KRAS mutation status has a strong relationship with the prognosis of CRC patients. In rectal cancer patients, KRAS mutant (KRAS-mut) patients have a worse prognosis (1), which emphasizes the importance of detecting KRAS status for prognostic evaluation and treatment strategy selection. Among metastatic CRC patients, RAS mutation is a negative predictive biomarker for treatment with epidermal growth factor receptor (EGFR) antibody therapies such as cetuximab and panitumumab (2). The role of KRAS status in stage III CRC patients is still being investigated. Years ago, researchers held the position that KRAS status was not associated with worse overall survival (OS) or disease-free survival (DFS) (3). With follow-up data maturing and treatments evolving, more studies are challenging this opinion based on the findings that KRAS-mut patients have worse OS and DFS (4, 5). Notably, most of these studies were conducted in CRC patients, and the number of patients with KRAS mutations was limited because their main research objective was immune-related biomarkers. As a result, the effect of targeted therapy in LARC patients remains unclear. From limited clinical trials, KRAS status was shown to be a significant predictor in multivariate analysis, and KRAS-mut patients had a worse response to neoadjuvant radiochemotherapy with worse OS than KRAS wild-type (KRAS-wild) patients (1, 6–8). Hence, information on KRAS mutation status has great meaning for physicians in predicting patient response to neoadjuvant chemotherapy and prognosis in practical medical treatment.

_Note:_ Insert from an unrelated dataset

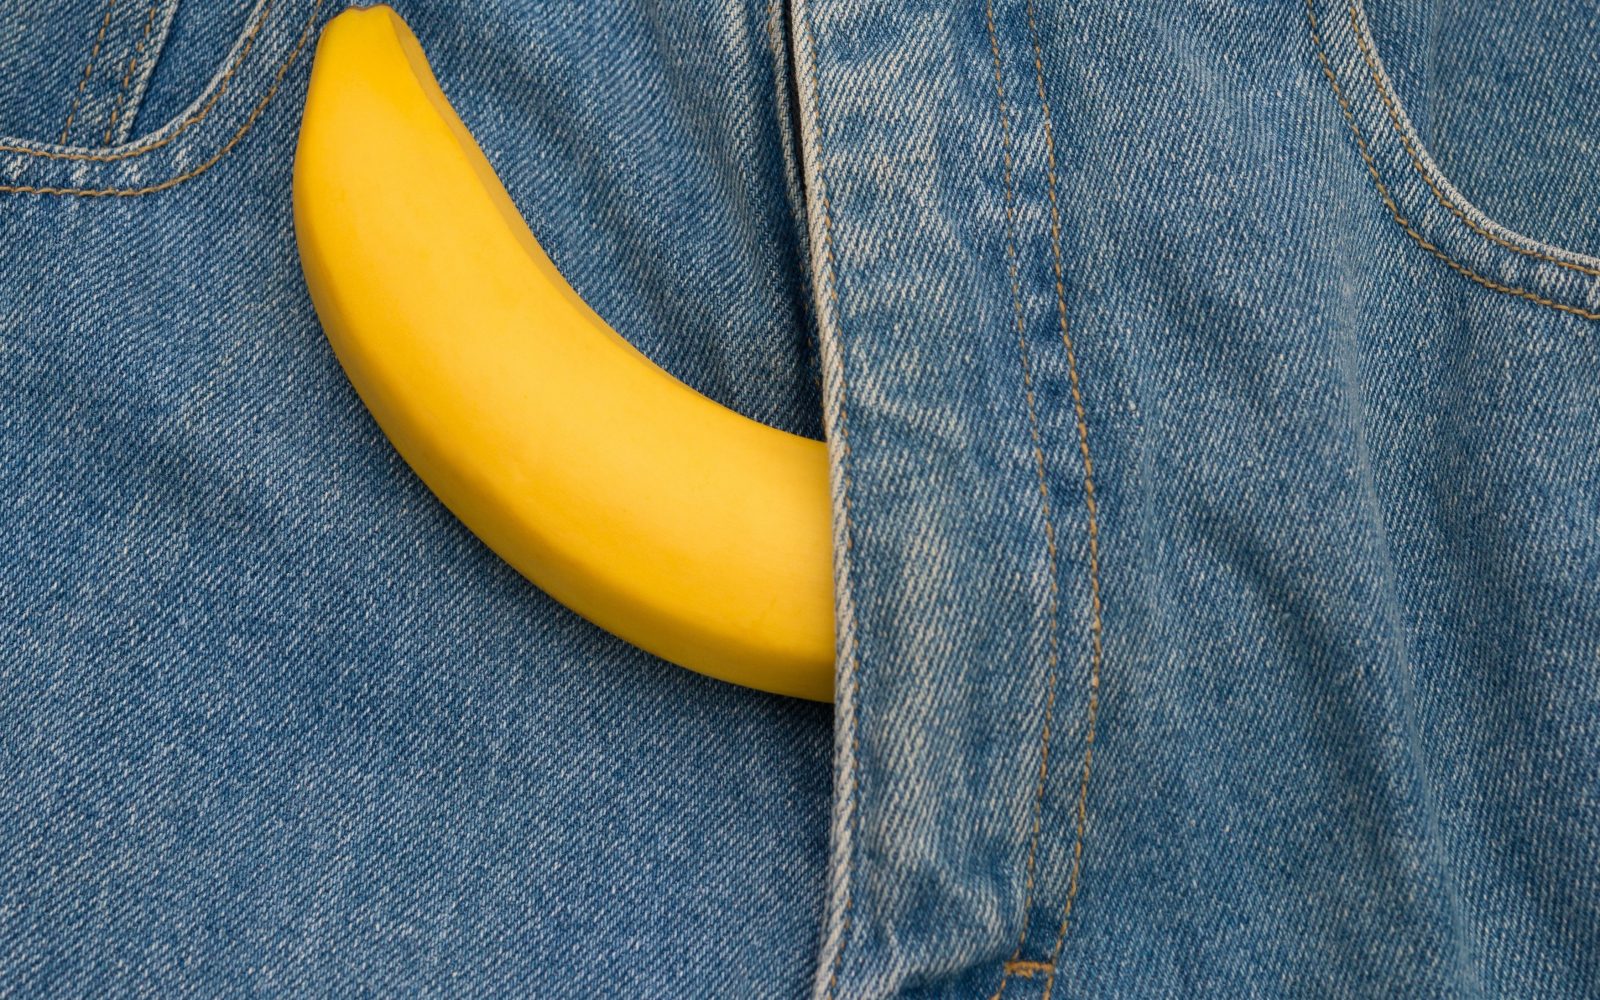 Banana in hlače, ki simbolizira moško zdravje

Because physicians will choose a targeted treatment strategy for metastatic CRC patients depending on KRAS status, efforts to obtain KRAS status from radiological images have been ongoing for years. To avoid invasive operations, an increasing number of studies on KRAS status and radiological image characteristics have been reported. For decades, several kinds of studies have been conducted on computed tomography (CT) (9)-based, positron emission tomography-CT (PET-CT) (10–17)-based and magnetic resonance imaging (MRI) (18)-based texture features to assess the relationships between genetic mutations and CRC metastatic rectal cancer patients (19). However, the results remain unstable and conflicting, and it is still unfortunate that the effects various radiological technologies remain unknown. Moreover, LARC patients are quite different from metastatic CRC patients in terms of treatment strategies and biological characteristics, especially the KRAS status. Therefore, specific studies on LARC patients deserve more attention.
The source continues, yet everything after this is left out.